A Machine Learning-based Tool for Passive OS Fingerprinting with TCP Variant as a Novel Feature
Peer reviewed, Journal article
MetadataShow full item record
Original versionD. H. Hagos, A. Yazidi, Ø. Kure and P. E. Engelstad, "A Machine-Learning-Based Tool for Passive OS Fingerprinting With TCP Variant as a Novel Feature," in IEEE Internet of Things Journal, vol. 8, no. 5, pp. 3534-3553, 1 March1, 2021, doi: 10.1109/JIOT.2020.3024293. https://doi.org/10.1109/JIOT.2020.3024293
With the emergence of Internet of Things (IoT), securing and managing large, complex enterprise network infrastructure requires capturing and analyzing network traffic traces in real-time. An accurate passive Operating System (OS) fingerprinting plays a critical role in effective network management and cybersecurity protection. Passive fingerprinting doesn’t send probes that introduce extra load to the network and hence it has a clear advantage over active fingerprinting since it also reduces the risk of triggering false alarms. This paper proposes and evaluates an advanced classification approach to passive OS fingerprinting by leveraging state-of-the-art classical machine learning and deep learning techniques. Our controlled experiments on benchmark data, emulated and realistic traffic is performed using two approaches. Through an Oracle-based machine learning approach, we found that the underlying TCP variant is an important feature for predicting the remote OS. Based on this observation, we develop a sophisticated tool for OS fingerprinting that first predicts the TCP flavor using passive traffic traces and then uses this prediction as an input feature for another machine learning algorithm for predicting the remote OS from passive measurements. This paper takes the passive fingerprinting problem one step further by introducing the underlying predicted TCP variant as a distinguishing feature. In terms of accuracy, we empirically demonstrate that accurately predicting the TCP variant has the potential to boost the evaluation performance from 84% to 94% on average across all our validation scenarios and across different types of traffic sources.

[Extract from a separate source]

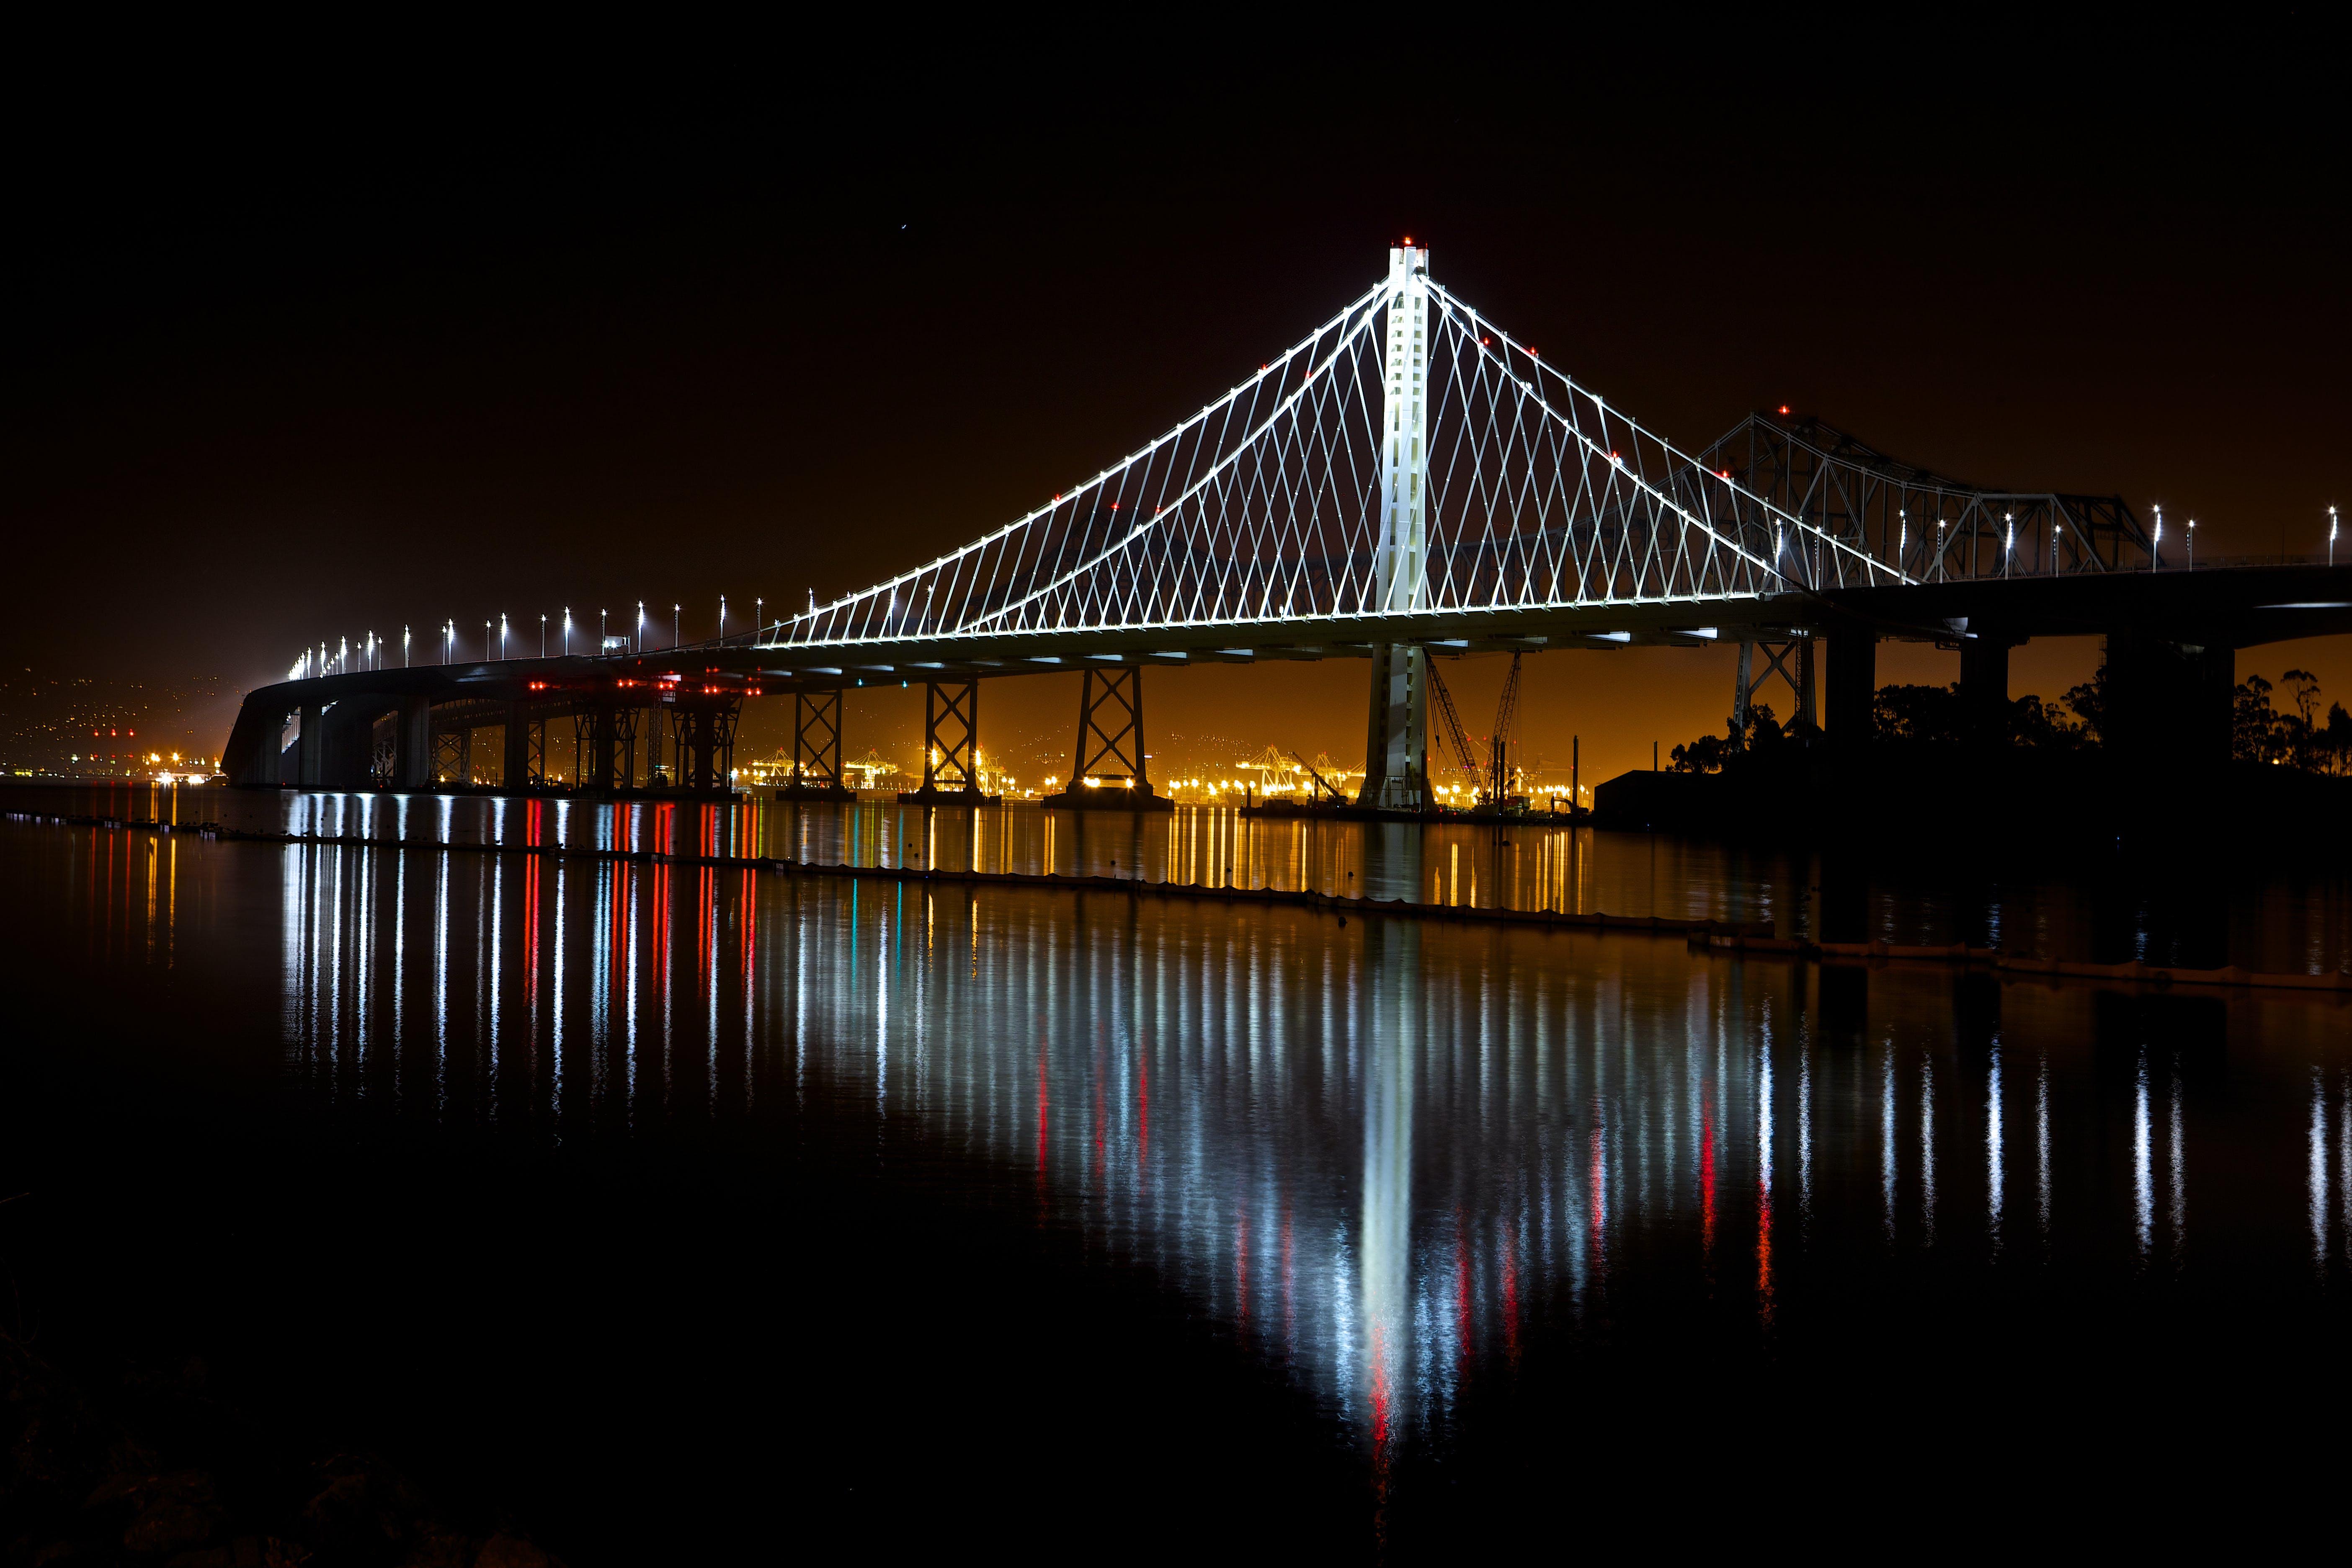 Illuminated Suspension Bridge Against Sky at Night
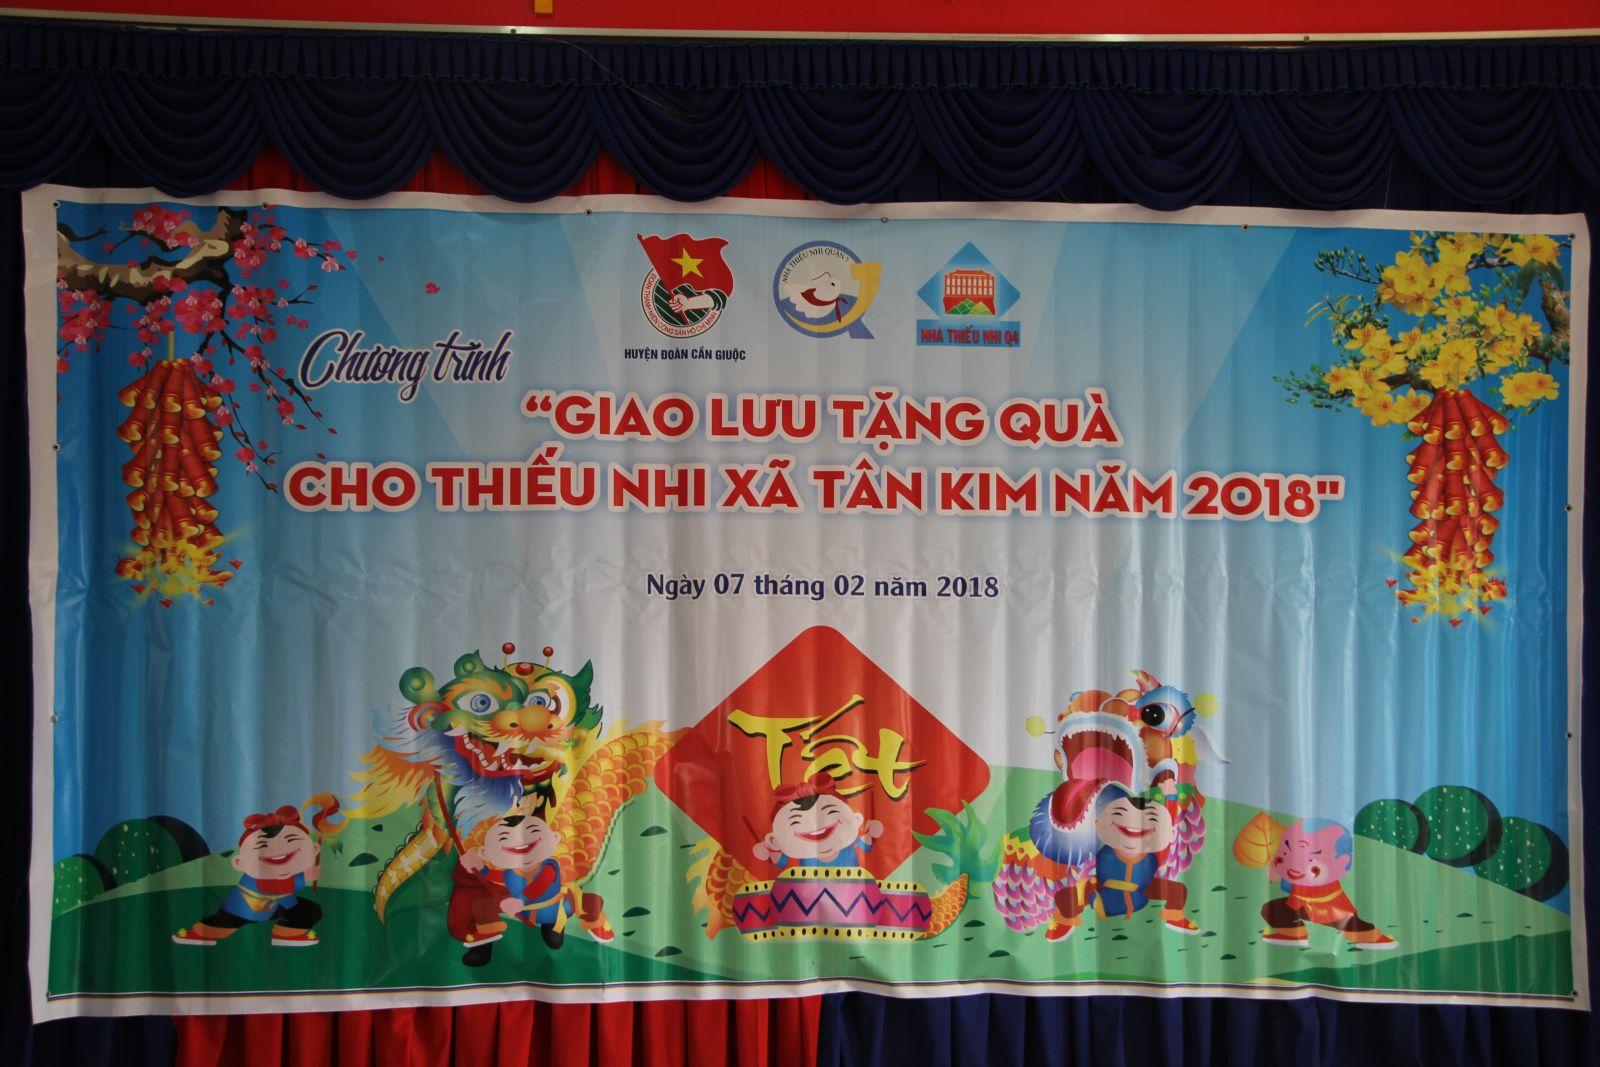 Giao lưu tặng quà thiếu nhi xã Tân Kim, Huyện Cần Giuộc, Tỉnh Long An

We also demonstrate a practical example of this potential, by increasing the performance to 91.3% and 95.22% on average using a tool for loss-based and a combination of loss and delay-based TCP variant prediction in an emulated setting. To the best of our knowledge, this is the first study that explores the potential for using the knowledge of the TCP variant to significantly boost the accuracy of passive OS fingerprinting.